Another woman spoke of “the smell of heating oil throughout” her home — “a sweet strange oily smell,” she wrote. “I can always smell it.” Others, impatient for researchers to test the air quality in their homes, said they bought their own vapor intrusion testing kits.
When the Marine Corps concluded in September that residents were not exposed to the contamination, members of the Facebook group grew angry. They grew gardens and ate the vegetables, they said. What about their kids who played in the dirt? What about small children who may have unknowingly chewed on lead paint chips?
Neither Whatley nor Melany Lualhati Martin Stawnyczyj, an administrator in the Facebook group, would speak to the Packet or Gazette. An attorney for Whatley and other former residents cited an ongoing lawsuit against Laurel Bay's private management company.
But in January, Stawnyczyj wrote, “I am thankful to God that our platform has finally begun to go beyond Facebook and word of mouth.”
Experts warn against the dangers of self-diagnosis.

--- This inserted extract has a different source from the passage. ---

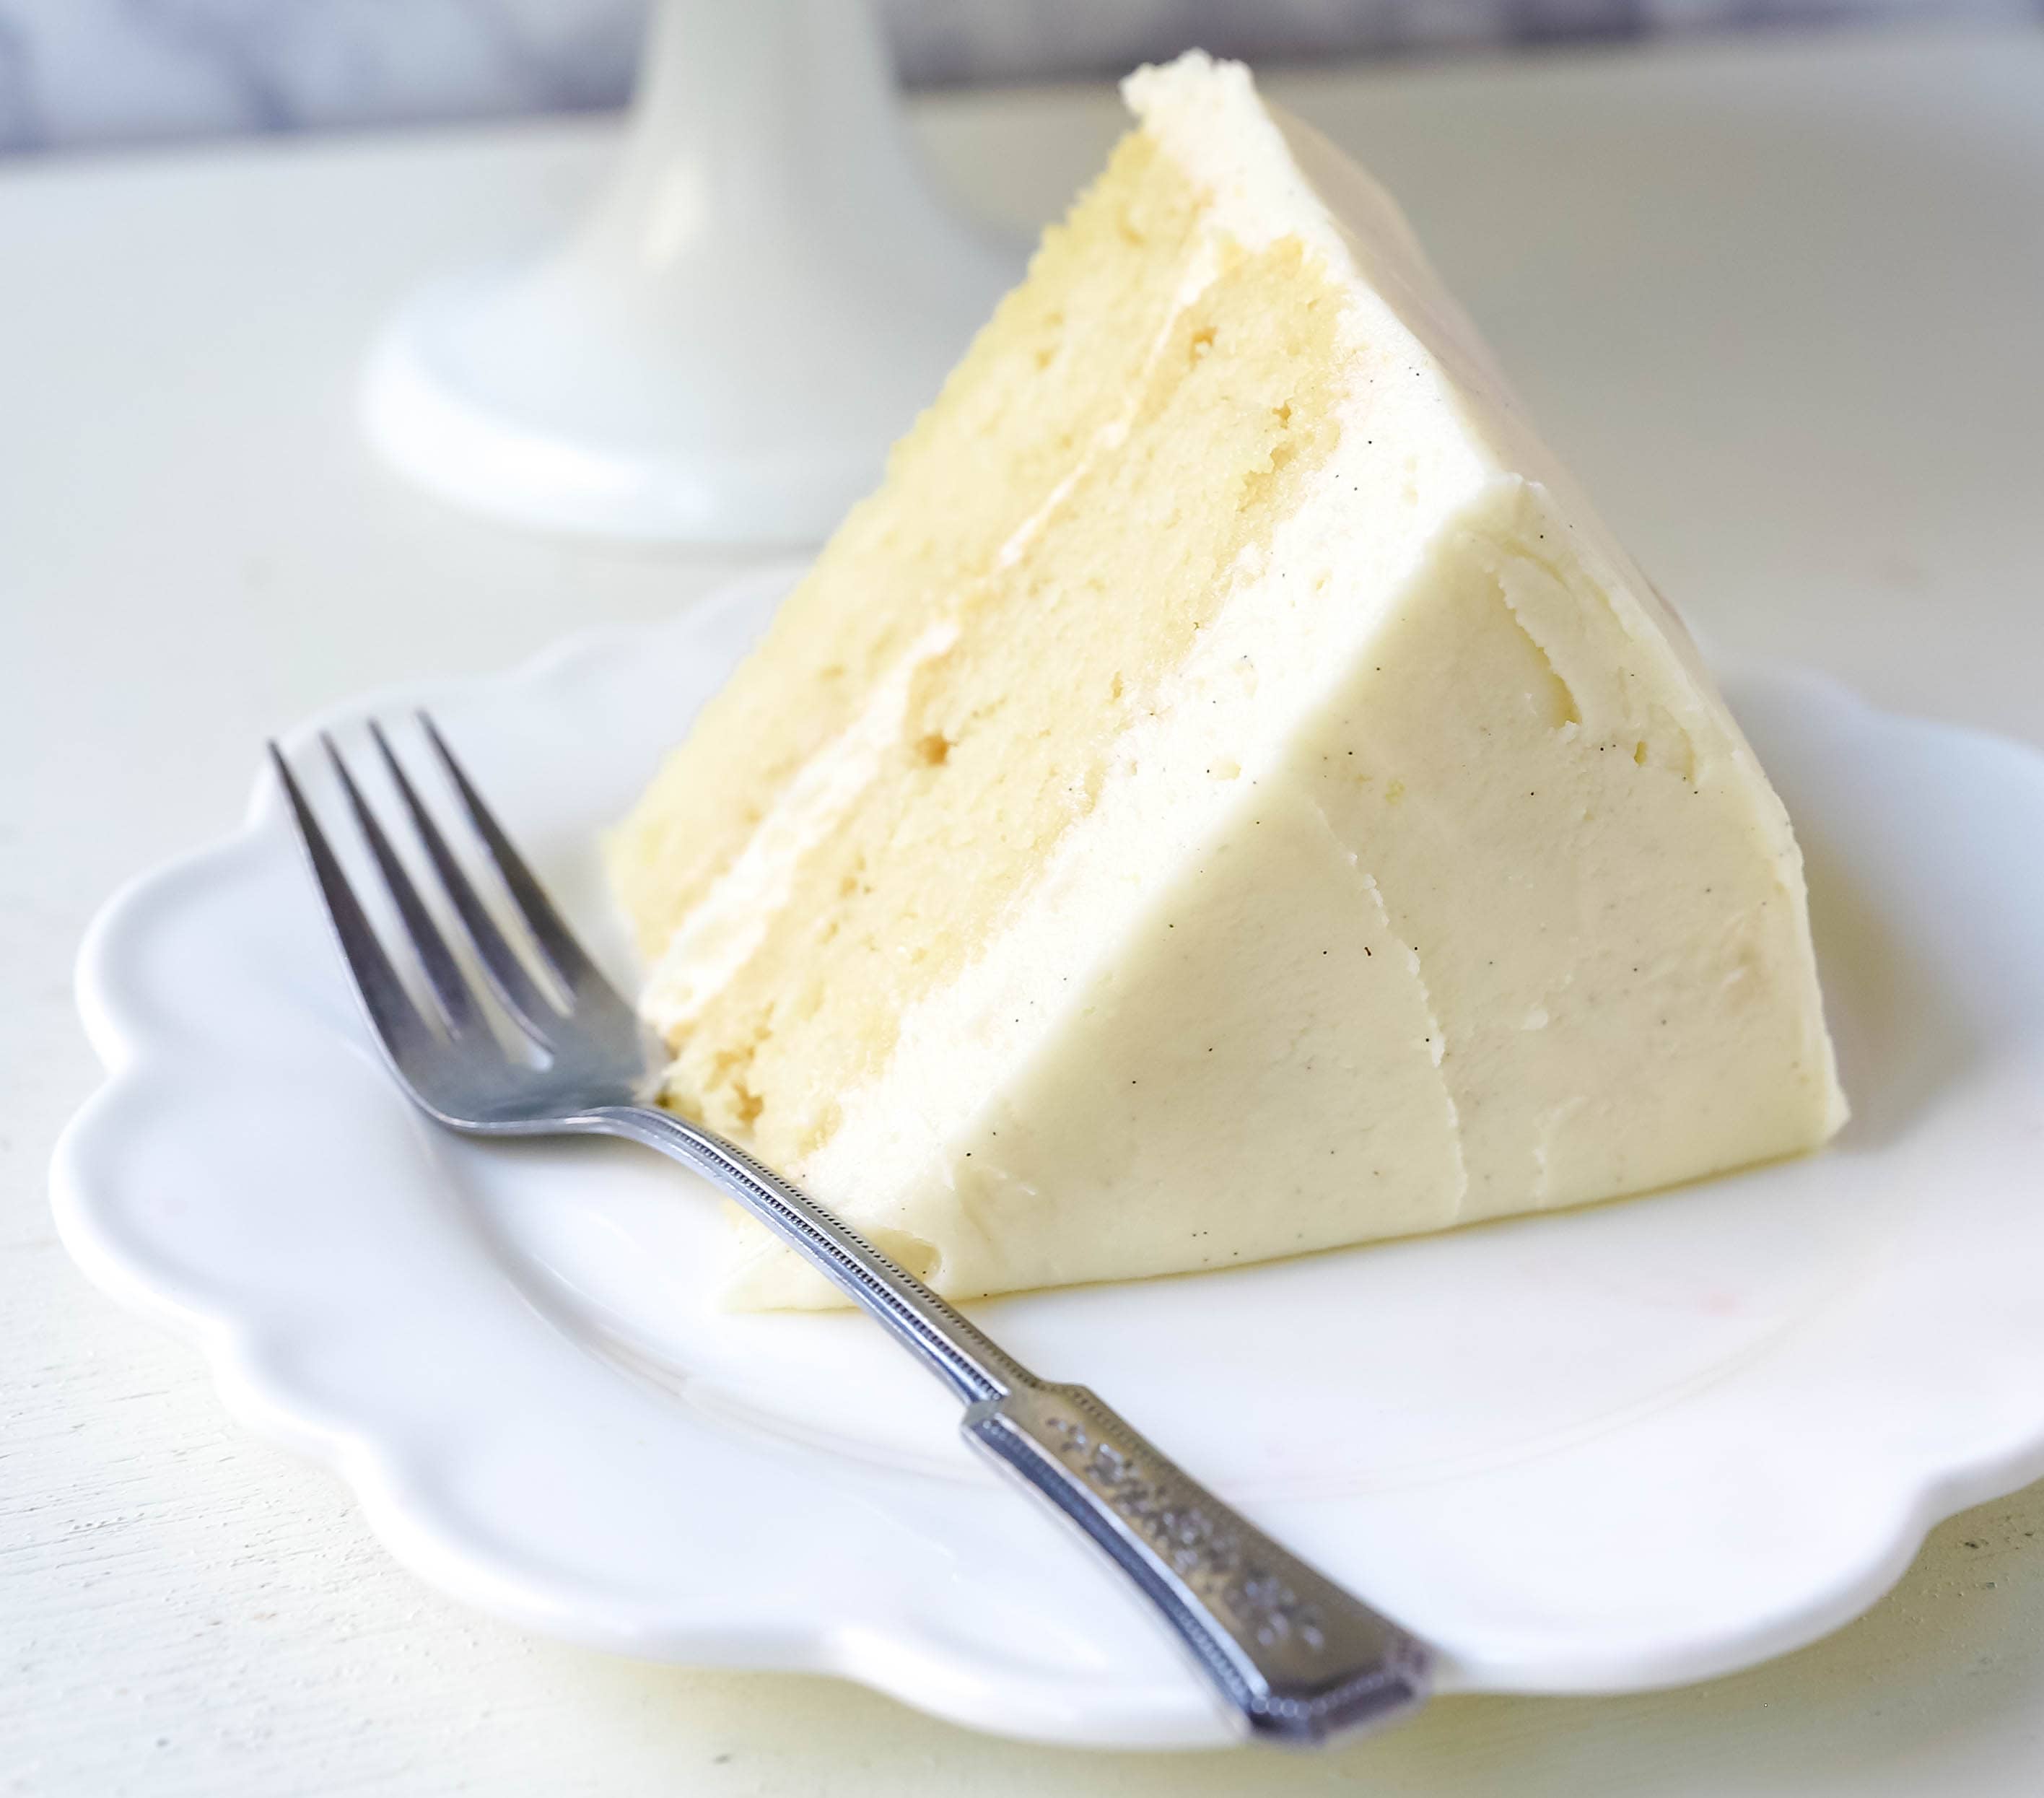 Vanilla Cake Recipe. The best homemade vanilla cake recipe with vanilla bean buttercream frosting. www.modernhoney.com #vanillacake #cake #cakerecipe #vanillacakerecipe

Every disease — including cancer — could have multiple causes, some of which have nothing to do with environmental exposure, and those who feel uneasy should visit a doctor to check their concerns, they say.
Marine officials have also warned residents to remain skeptical about what they read on Facebook and other social media.
“A lack of information about either the facts or the command’s actions can cause anxiety. I have tried to avoid providing incomplete or inaccurate information; which could have caused speculation,” commanding officer Buck wrote in a letter from January.
But some residents believe that after the Marine Corps failed to notify all residents about the contaminated oil tanks, the information they received from officials was incomplete in the first place.
Conner says connecting with other Marine spouses on social media has allowed her to feel as if she’s not simply an anomaly, nor a hypochondriac. It gave her the confidence to open up to her doctors about her experiences on Laurel Bay.
And besides, Conner and others say, the point of social media is not to self-diagnose. It’s a way to empower one another, a medium allowing military families to give each other comfort that seems to be impossible to find elsewhere — a way to take care of their own.